In season six, Nonnatus took the opportunity to open up its primarily middle-class ranks to working-class East End nurse Valerie (Jennifer Kirby). In season seven, new midwife Lucille (Leonie Elliott) arrives from the West Indies as part of the Windrush generation of Caribbean immigration to the UK. The show is even holding its own in the marital absence of Jack Ashton’s dishy curate Tom (known round our place as ‘The Hot Reverend’) and Barbara (Charlotte Ritchie), who are set to return later this year. Through all this, head nun Sister Julienne (Jenny Agutter) and Sister Monica Joan (Pam Ferris), an elderly, cake-loving eccentric who was one of the first qualified midwives in the country, have been a steadying presence, while in secular matters that role has been fulfilled by Dr. Turner (Stephen McGann) and nursing nun turned multi-tasking housewife Shelagh (Laura Main).

Nonnatus House never feels like a rotating door of new faces and slim backstories, because Call the Midwife’s characters do a lot more with their on-screen time than the eight-hour series run time would suggest. It showcases a gentle build-up of well-rounded, believable, multi-faceted characters. Barbara may seem shy and prim, but she grew up poor, and is good in a crisis. Sister Julienne shepherds her charges with a firm but temperate touch, showing an immense capacity for compassion.

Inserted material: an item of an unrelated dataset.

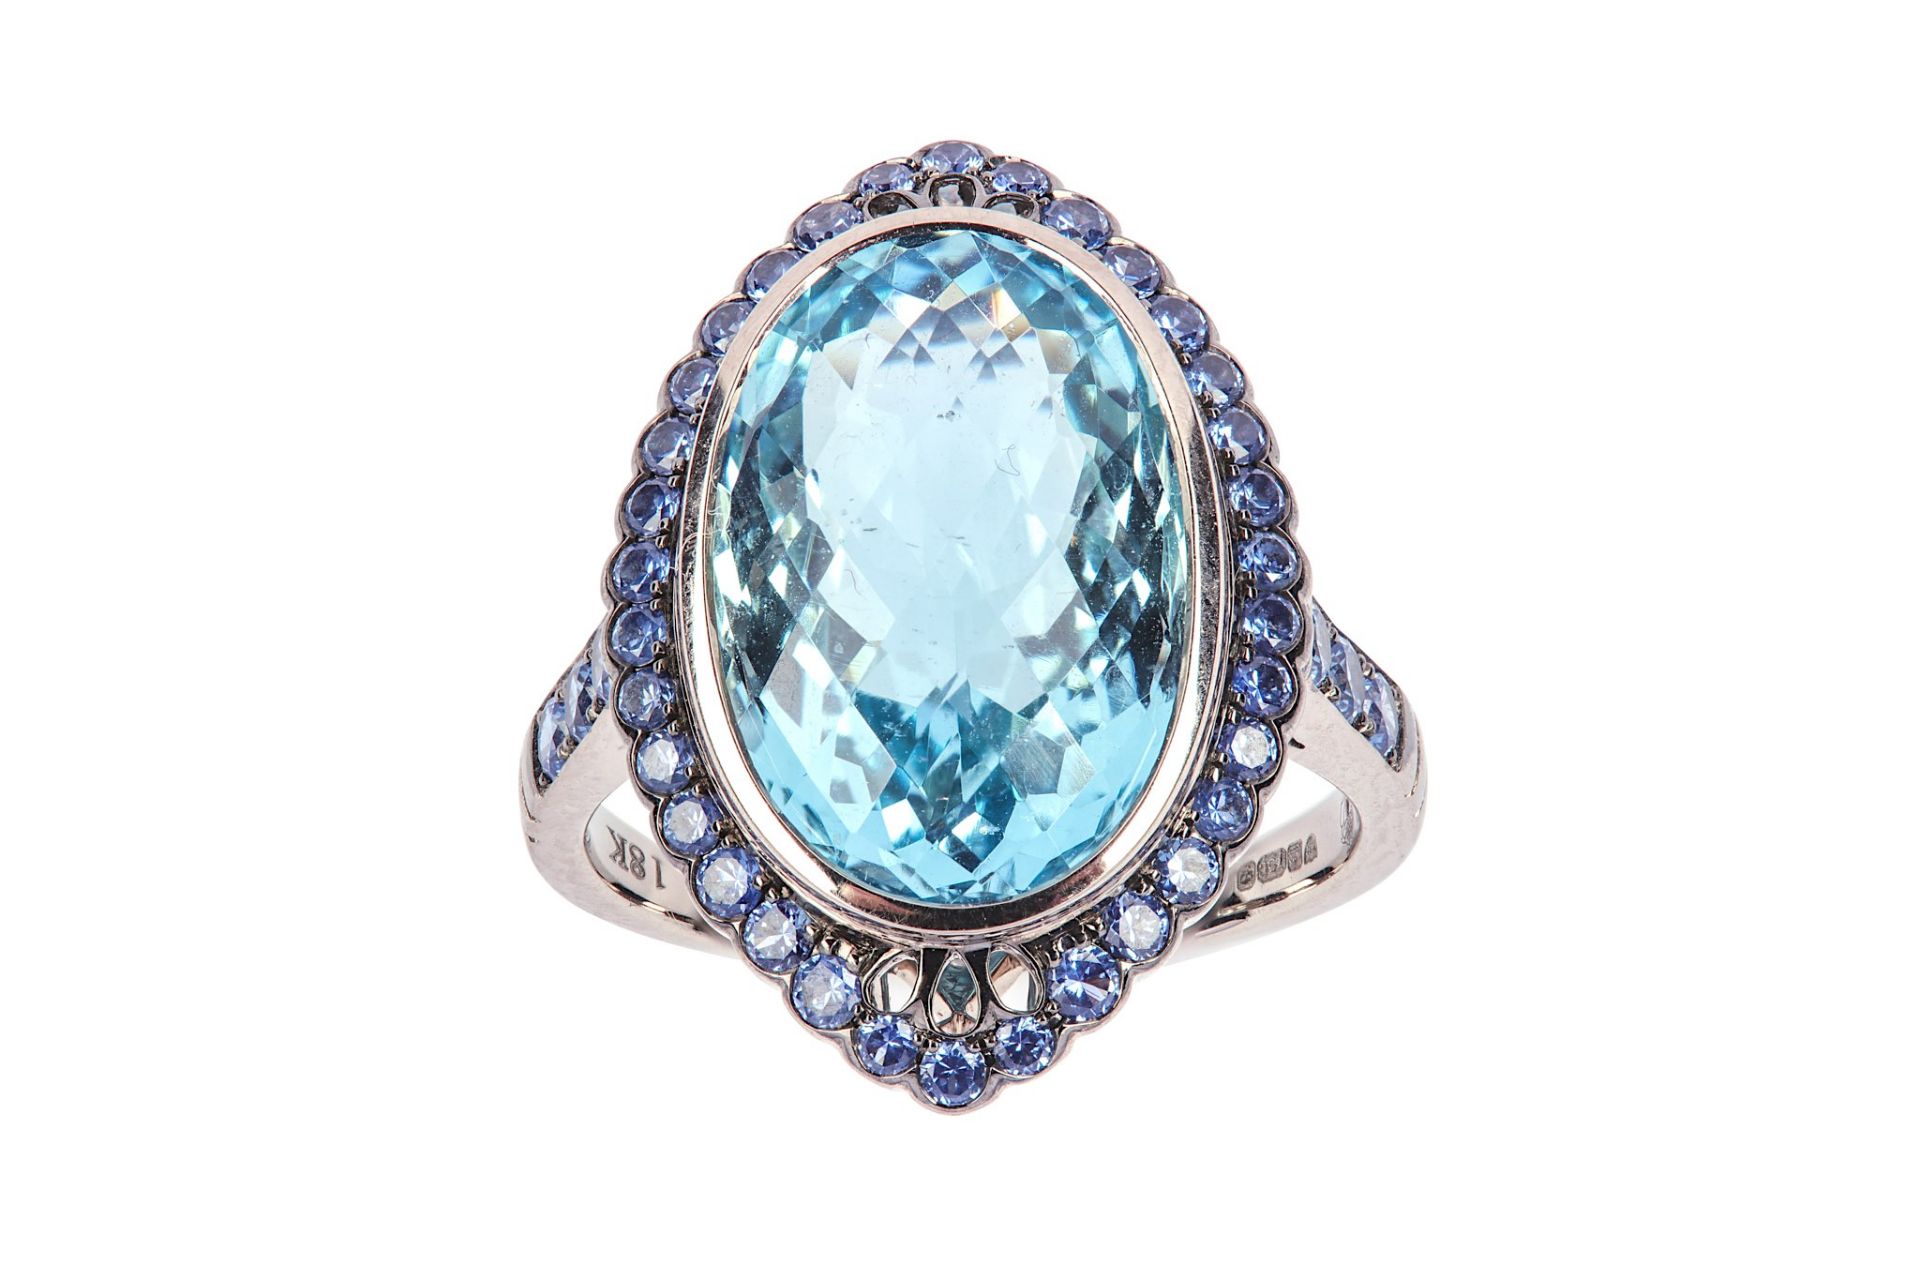 An aquamarine and sapphire dress ring

Indeed, if there’s anything that Call the Midwife makes people nostalgic for, it’s probably this. There is an intensely personal compassion to such one-on-one, face-to-face scenes. These are characters who visit new mothers sometimes twice a day for weeks, getting to know them, to know their families, sharing and halving their problems. It is a world that puts value on things like knowing your neighbour’s name and putting your empty glass bottles out for the milkman in the morning. The diverse communities of Poplar can be overcrowded and overbearing, but they evoke a sense of belonging; the midwife’s uniform is the audience’s rare golden ticket through their doors.

Though it lightens the mood with cosy camaraderie and occasionally comical side plots, Call the Midwife is a tearjerker, frequently dealing with love and loss, birth and death. It is a show that only occasionally opts for the happy ending, preferring a hopeful or bittersweet or sometimes even heartbreaking one. Yet viewers remember not what is lost but what is shared in those most hazardous moments. Encouragement through pain and peril, the squeezing of a hand, the wait for the first tearful wail. It’s the husband stepping up to the plate to help deliver a baby in the back of a van. It’s the couple who want to stay in their own home until the very end, even as the street is demolished around them. The father who wants another boy opening his eyes to his daughter for the first time.

It is women among other women, doing important, life-altering work. Rarely has a fictional creation so thoroughly centred women of all kinds – old and young, childless and childbearing, working and non-working – in a cast and community that is almost entirely female-led. It is this story that draws in ten million people every week. Perhaps it is a sign that we should be filling our screens with other female-led stories more often, too.